If the first and the nth term of a G.P. are a and b, respectively, and if P is the product of n terms , prove that `P^(2)=(ab)^(n)`.

To prove that \( P^2 = (ab)^n \) where \( P \) is the product of the first \( n \) terms of a geometric progression (G.P.) with first term \( a \) and \( n \)-th term \( b \), we can follow these steps: ### Step 1: Define the terms of the G.P. Let the first term of the G.P. be \( a \) and the common ratio be \( r \). The terms of the G.P. can be expressed as: - First term: \( T_1 = a \) - Second term: \( T_2 = ar \) - Third term: \( T_3 = ar^2 \) - ... - \( n \)-th term: \( T_n = ar^{n-1} \) ### Step 2: Express the \( n \)-th term in terms of \( a \) and \( r \) From the problem, we know that the \( n \)-th term \( T_n = b \).

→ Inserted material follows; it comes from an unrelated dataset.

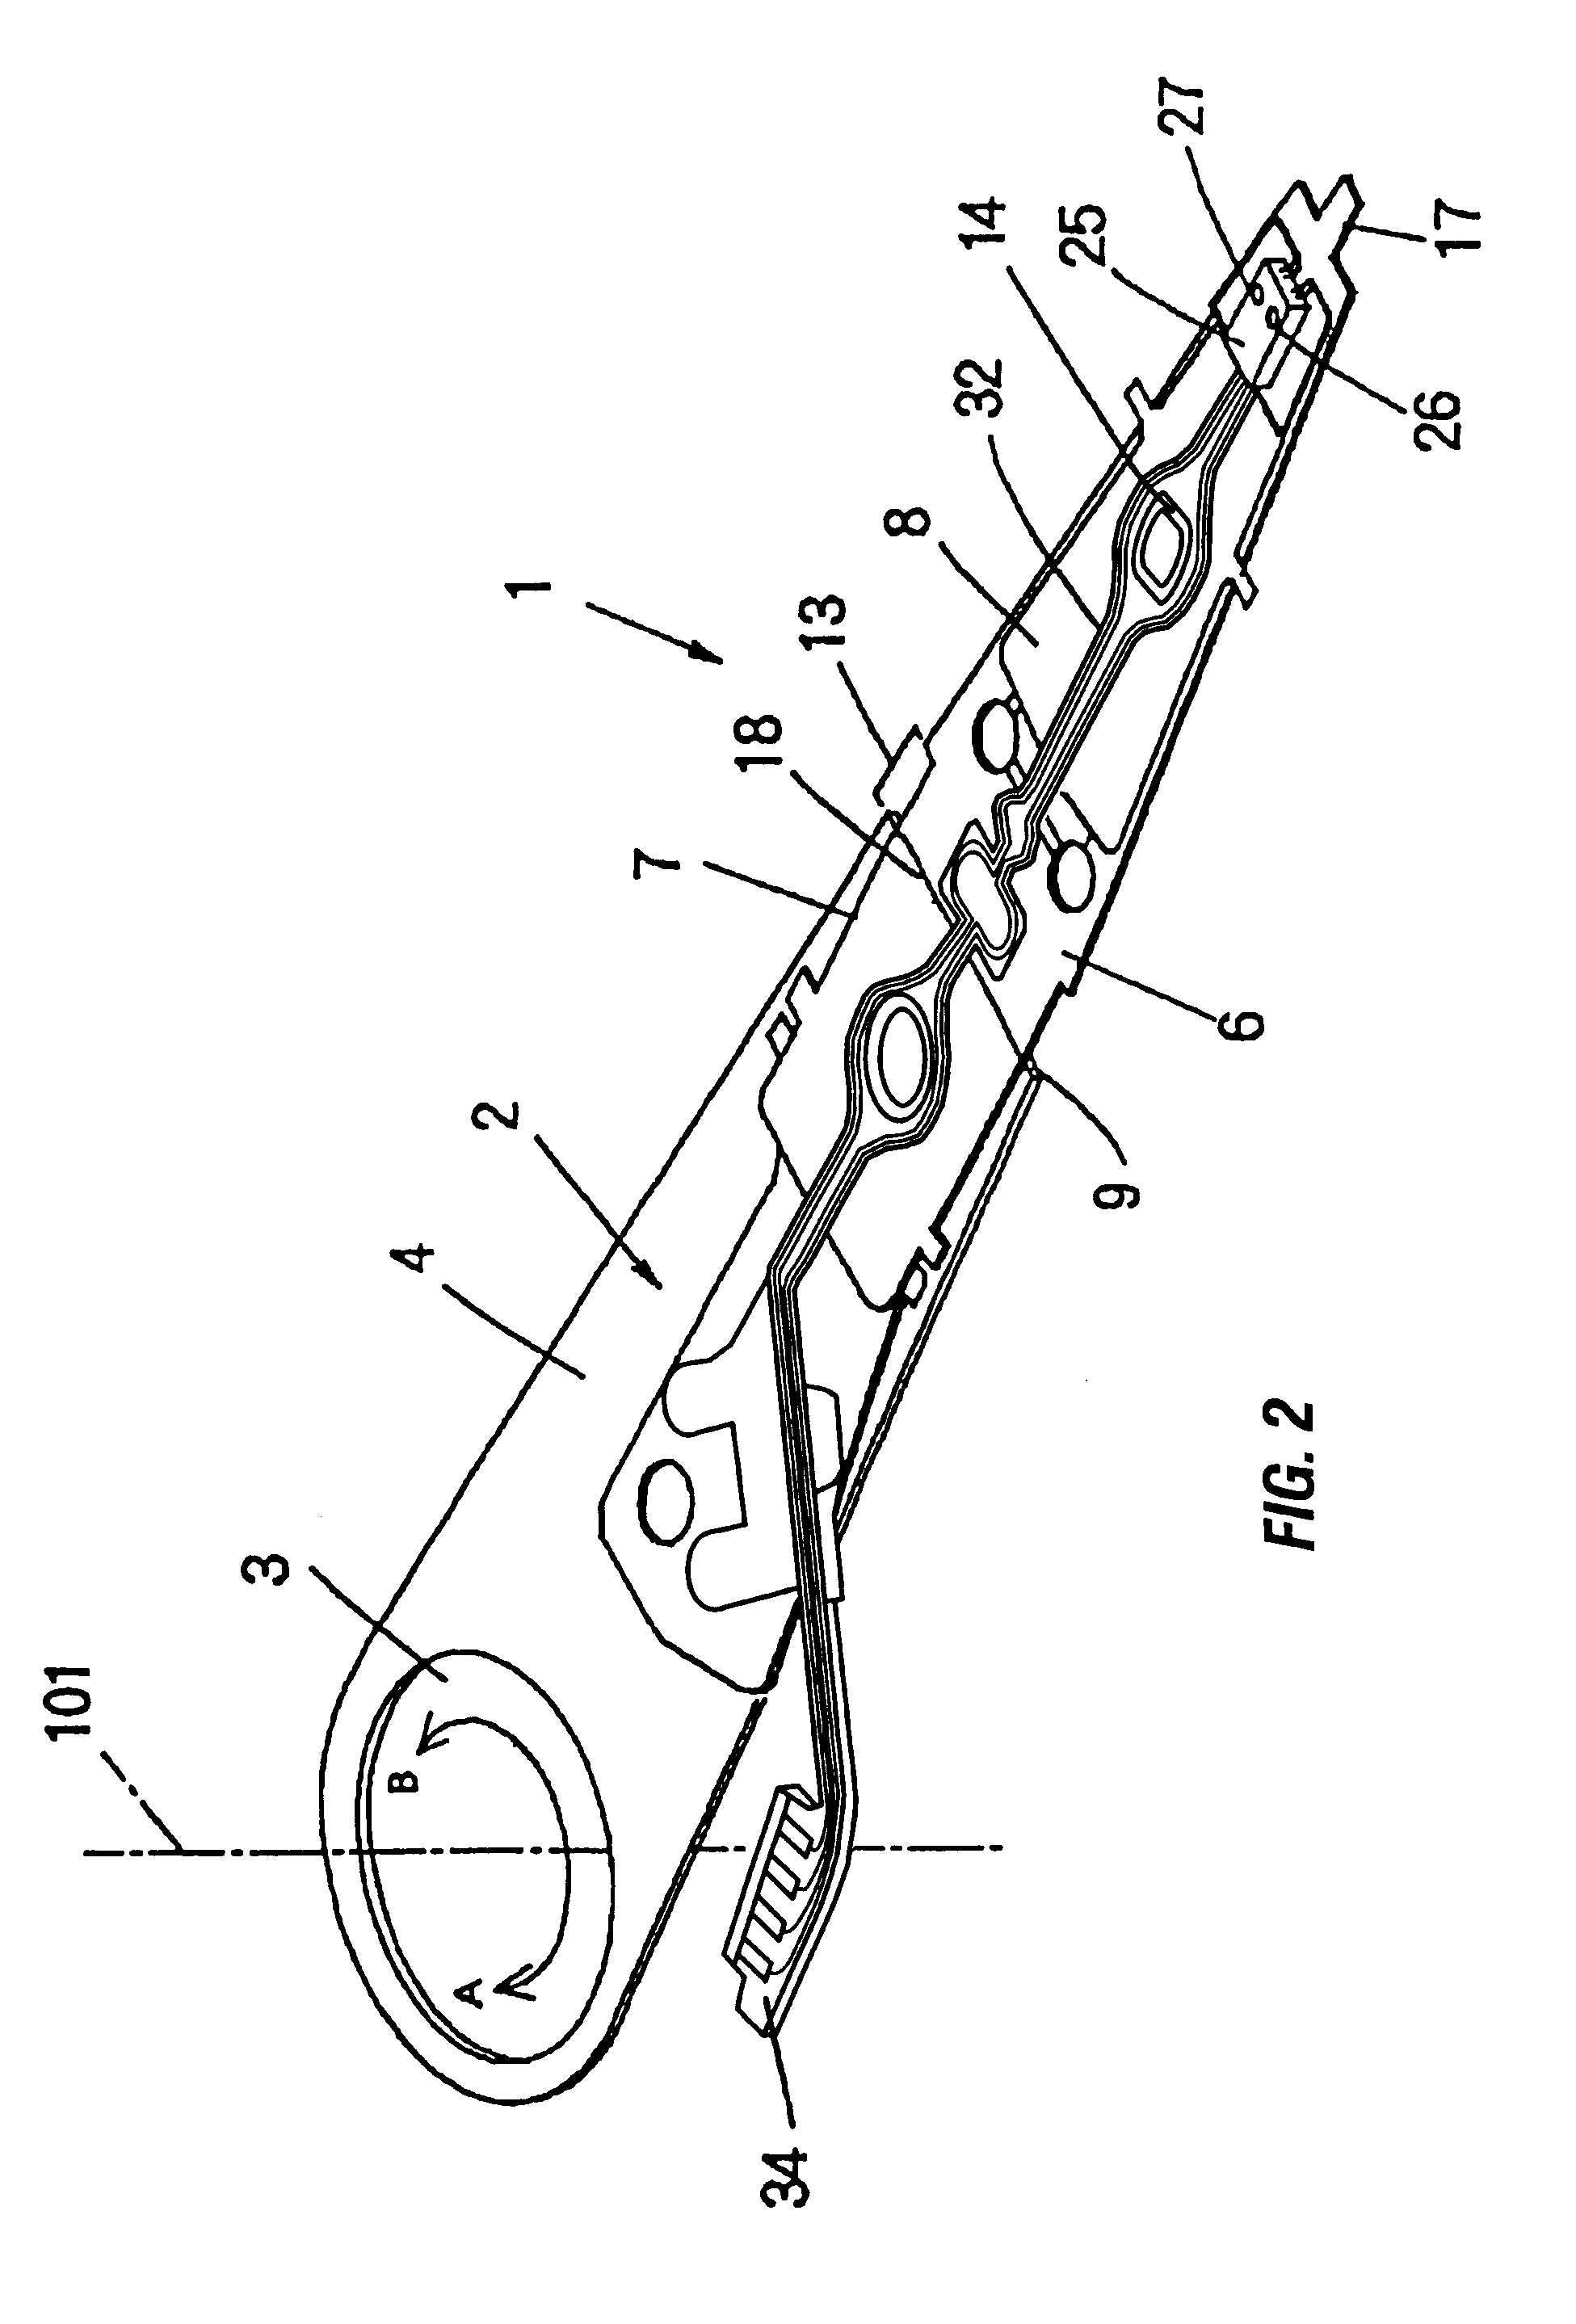 Hard disk drive with slider support structure and head gimbal assembly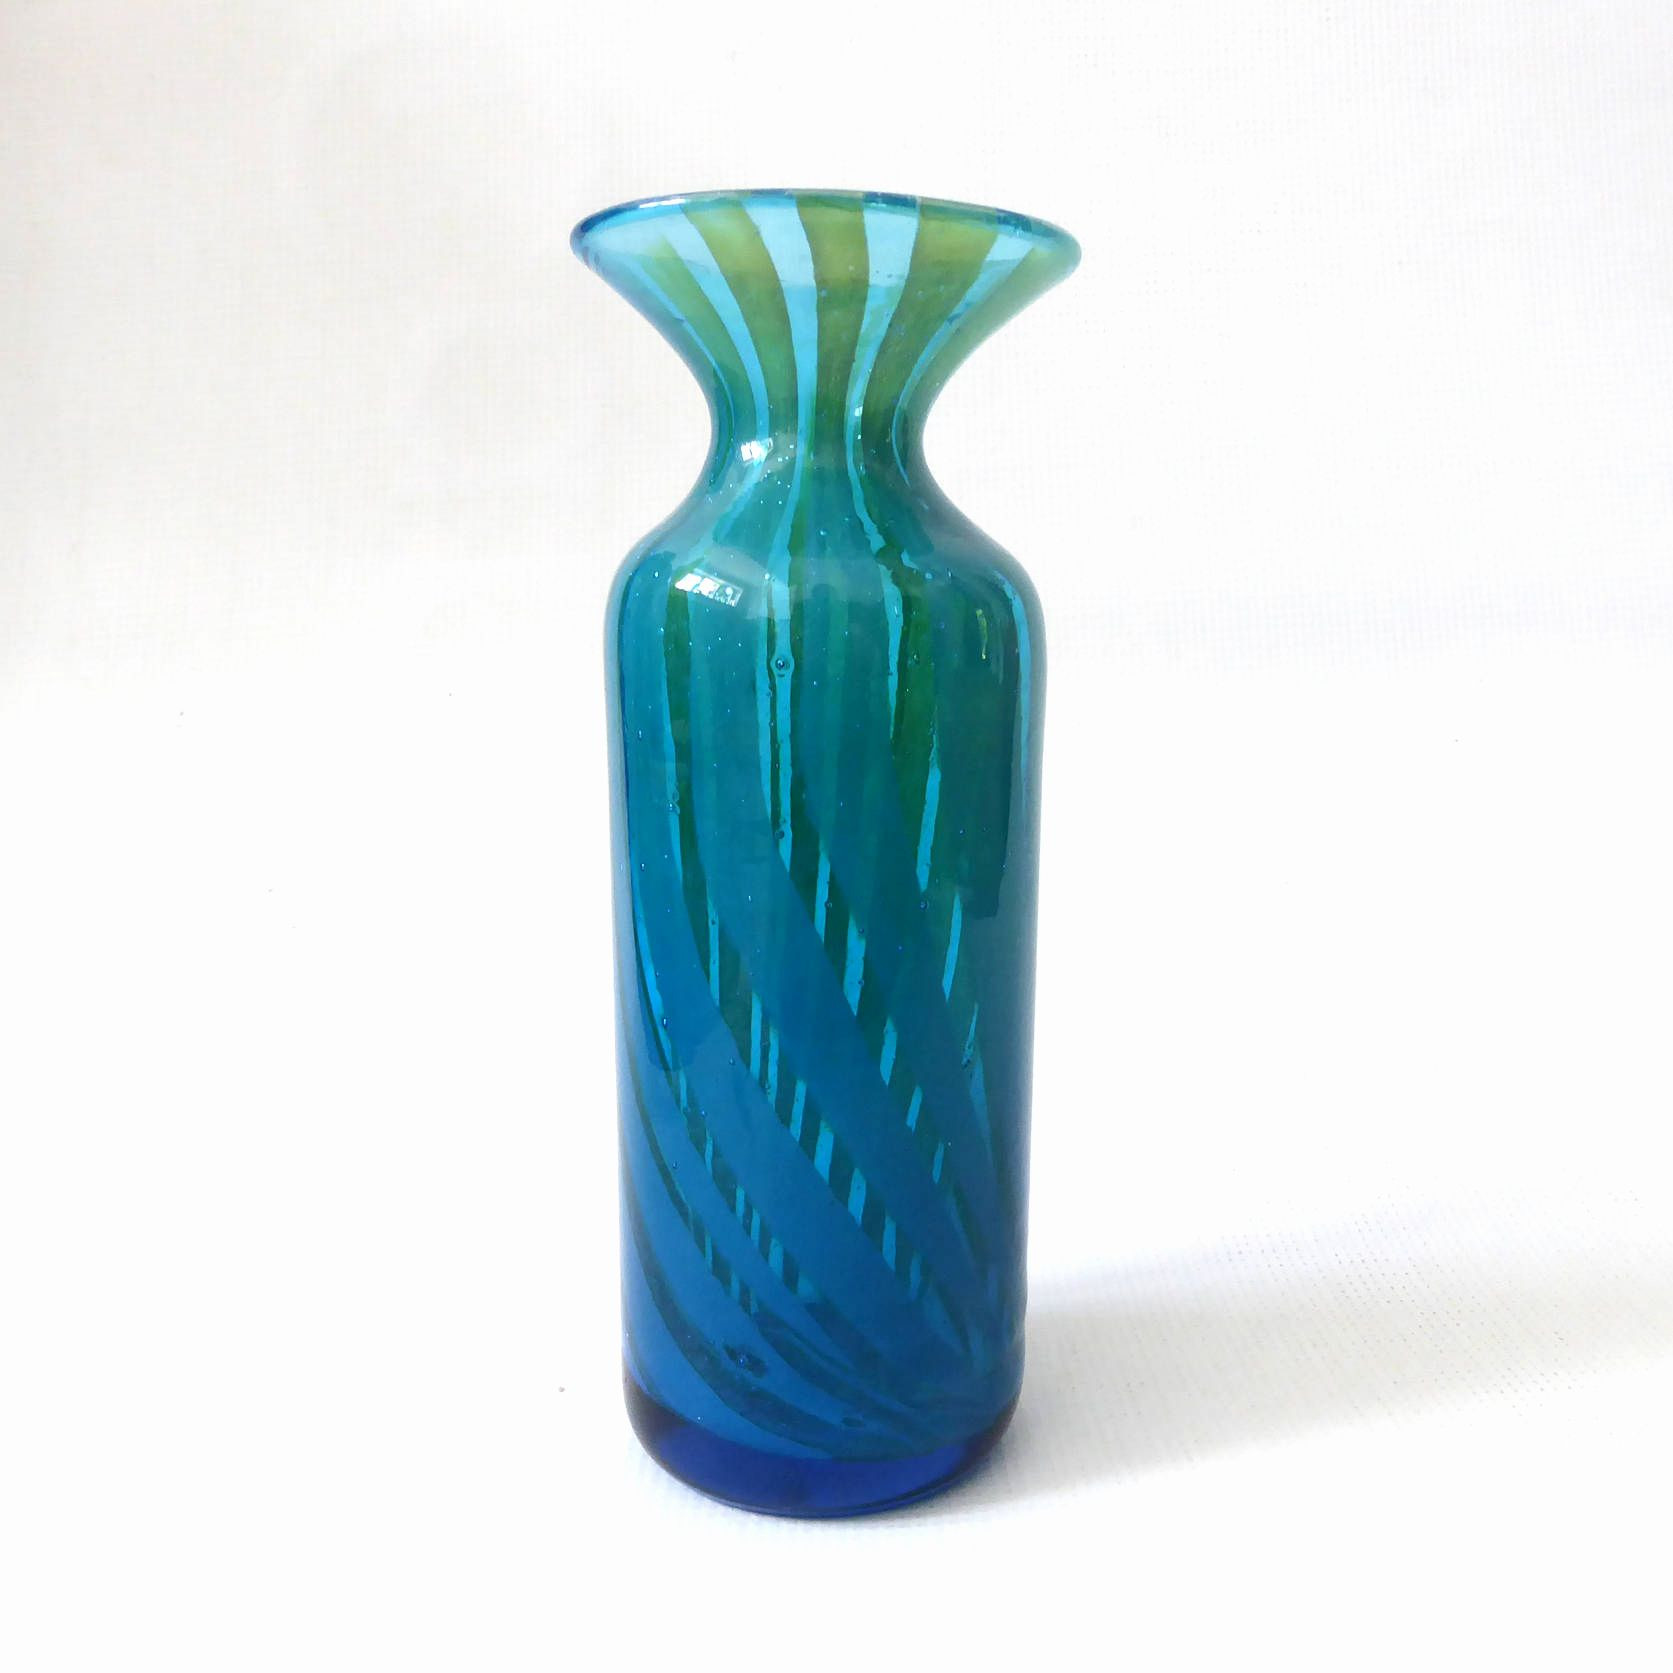 12 Nice Small Hand Blown Glass Vases 2022 free download small hand blown glass vases of 35 antique green glass vases the weekly world with regard to antique glass vases identify vase and cellar image avorcor

Therefore, we can write: \[ T_n = ar^{n-1} = b \] From this, we can express \( r^{n-1} \) as: \[ r^{n-1} = \frac{b}{a} \] ### Step 3: Write the product \( P \) of the first \( n \) terms The product \( P \) of the first \( n \) terms is given by: \[ P = T_1 \times T_2 \times T_3 \times \ldots \times T_n = a \times ar \times ar^2 \times \ldots \times ar^{n-1} \] This can be factored as: \[ P = a^n \times (r^0 \times r^1 \times r^2 \times \ldots \times r^{n-1}) \] ### Step 4: Simplify the product of the powers of \( r \) The product of the powers of \( r \) can be simplified: \[ r^0 \times r^1 \times r^2 \times \ldots \times r^{n-1} = r^{0 + 1 + 2 + \ldots + (n-1)} \] The sum of the first \( n-1 \) natural numbers is given by: \[ 0 + 1 + 2 + \ldots + (n-1) = \frac{(n-1)n}{2} \] Thus, we have: \[ P = a^n \times r^{\frac{(n-1)n}{2}} \] ### Step 5: Substitute \( r^{n-1} \) into the equation Using the expression for \( r^{n-1} \): \[ P = a^n \times r^{\frac{(n-1)n}{2}} = a^n \times \left(\frac{b}{a}\right)^{\frac{(n-1)}{2}} \] ### Step 6: Square the product \( P \) Now, we square \( P \): \[ P^2 = \left(a^n \times \left(\frac{b}{a}\right)^{\frac{(n-1)}{2}}\right)^2 \] This simplifies to: \[ P^2 = a^{2n} \times \left(\frac{b}{a}\right)^{n-1} \] \[ P^2 = a^{2n} \times \frac{b^{n-1}}{a^{n-1}} = a^{2n - (n-1)} \times b^{n-1} = a^{n+1} \times b^{n-1} \] ### Step 7: Rearranging to show \( P^2 = (ab)^n \) We can express \( P^2 \) as: \[ P^2 = a^n \times b^n \] Thus, we can conclude that: \[ P^2 = (ab)^n \] ### Conclusion We have proved that \( P^2 = (ab)^n \).